Problem description:
Give all the lines below again, exactly, with no pictures.

Excerpted records:
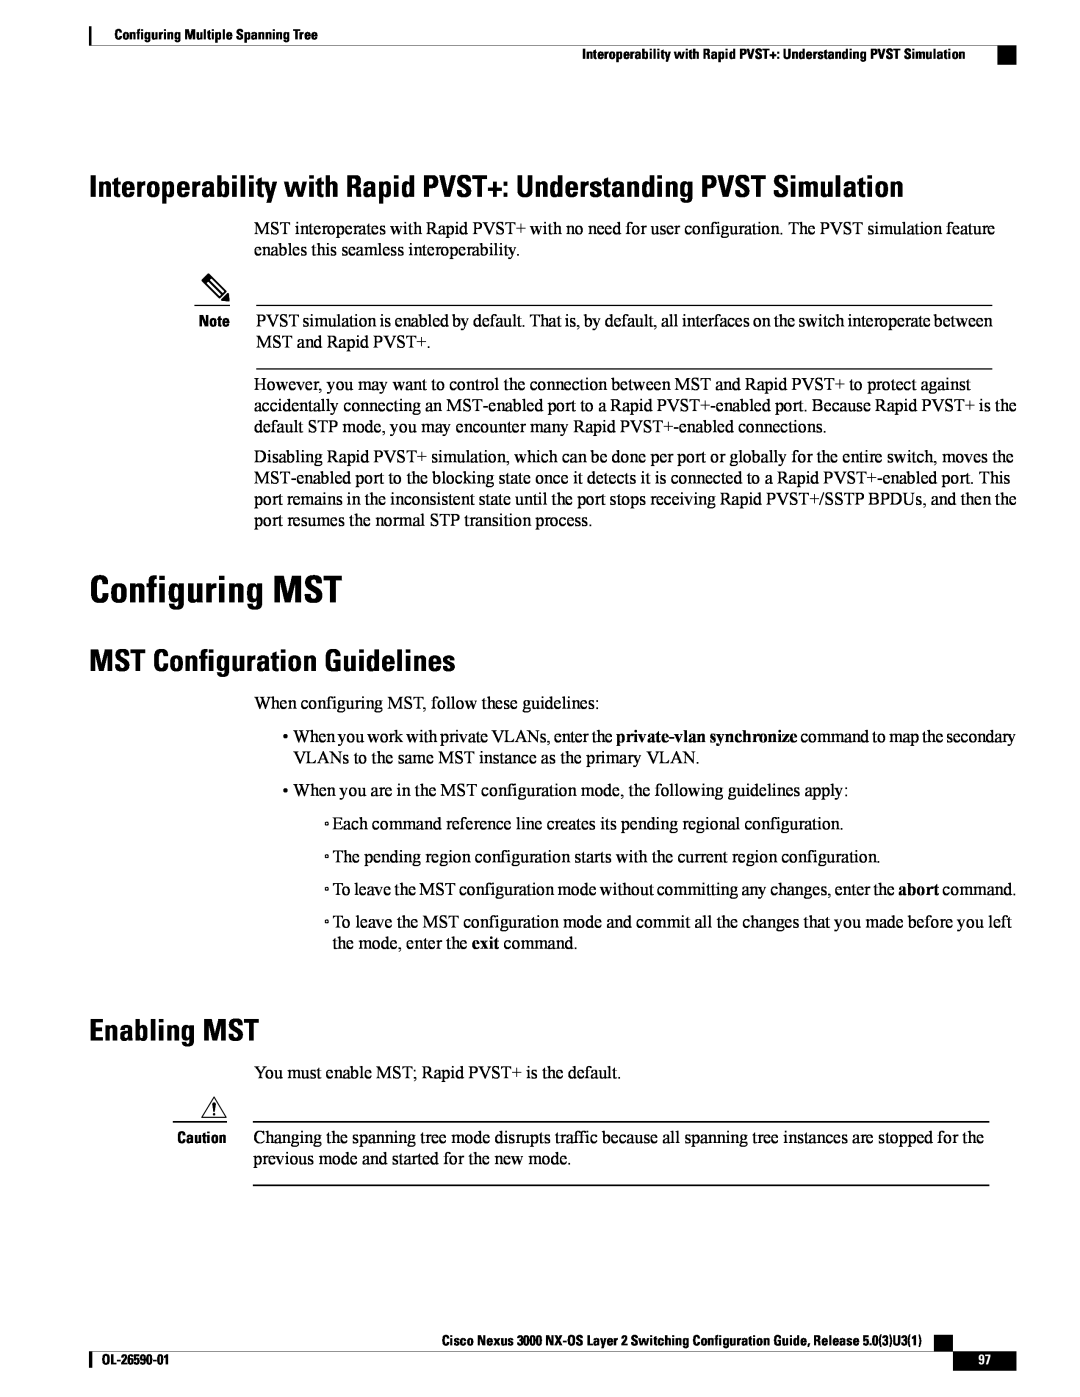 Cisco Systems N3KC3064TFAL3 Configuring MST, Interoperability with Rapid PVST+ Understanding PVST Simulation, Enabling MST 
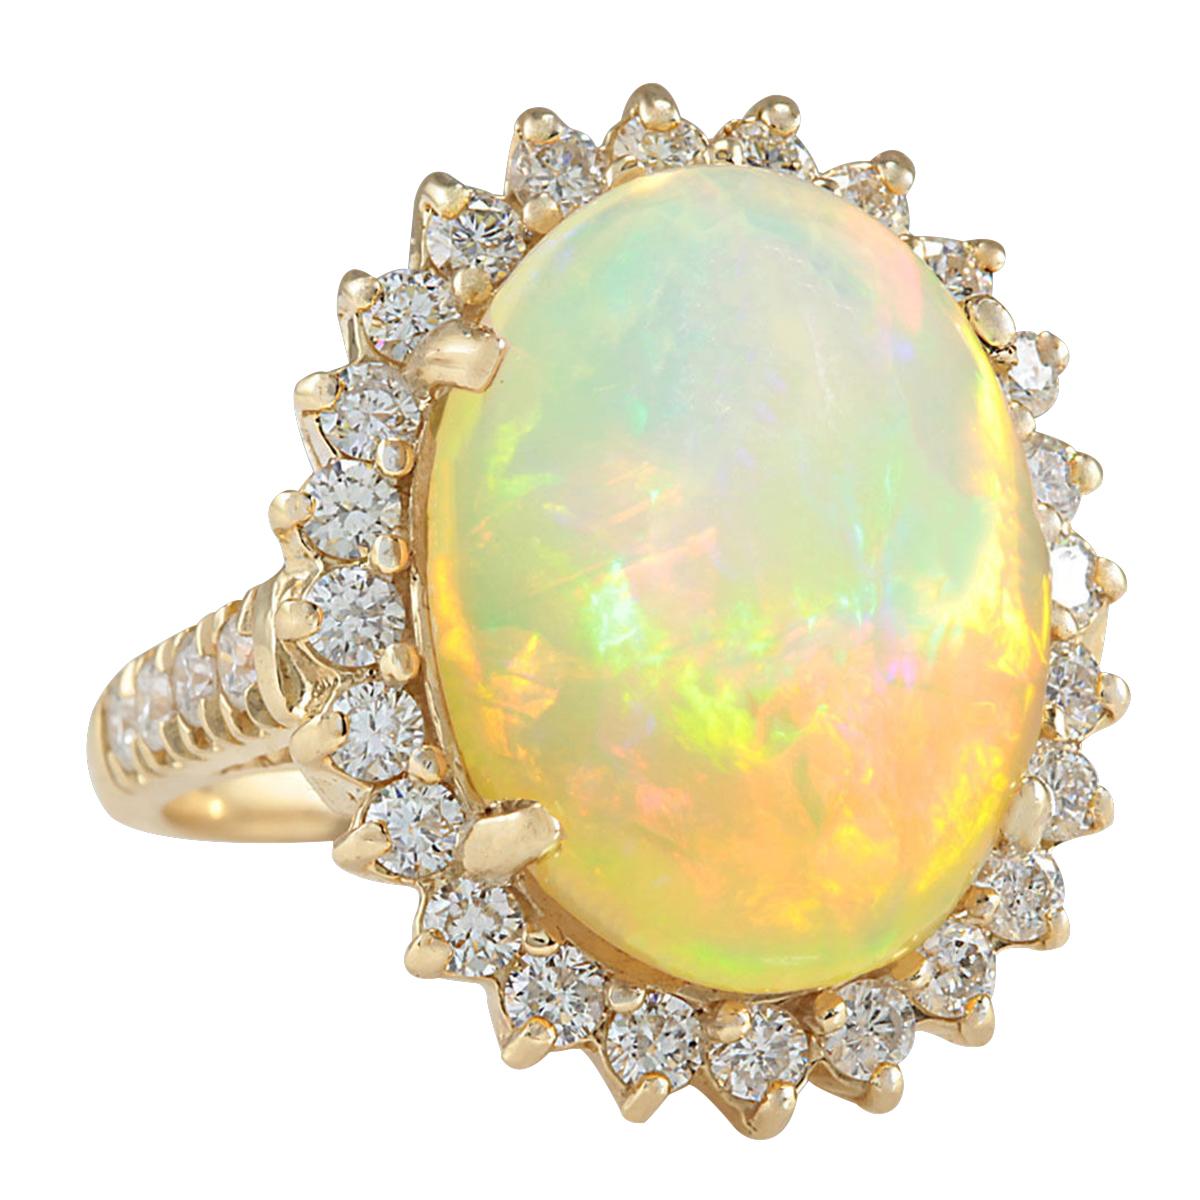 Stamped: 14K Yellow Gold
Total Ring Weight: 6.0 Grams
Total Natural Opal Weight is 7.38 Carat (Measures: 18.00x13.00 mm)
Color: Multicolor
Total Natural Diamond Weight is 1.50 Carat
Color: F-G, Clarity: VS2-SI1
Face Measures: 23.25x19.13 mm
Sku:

Reply:
 Cisco Systems N3KC3064TFAL3 Configuring MST, Interoperability with Rapid PVST+ Understanding PVST Simulation, Enabling MST 
 Stamped: 14K Yellow Gold
Total Ring Weight: 6.0 Grams
Total Natural Opal Weight is 7.38 Carat (Measures: 18.00x13.00 mm)
Color: Multicolor
Total Natural Diamond Weight is 1.50 Carat
Color: F-G, Clarity: VS2-SI1
Face Measures: 23.25x19.13 mm
Sku:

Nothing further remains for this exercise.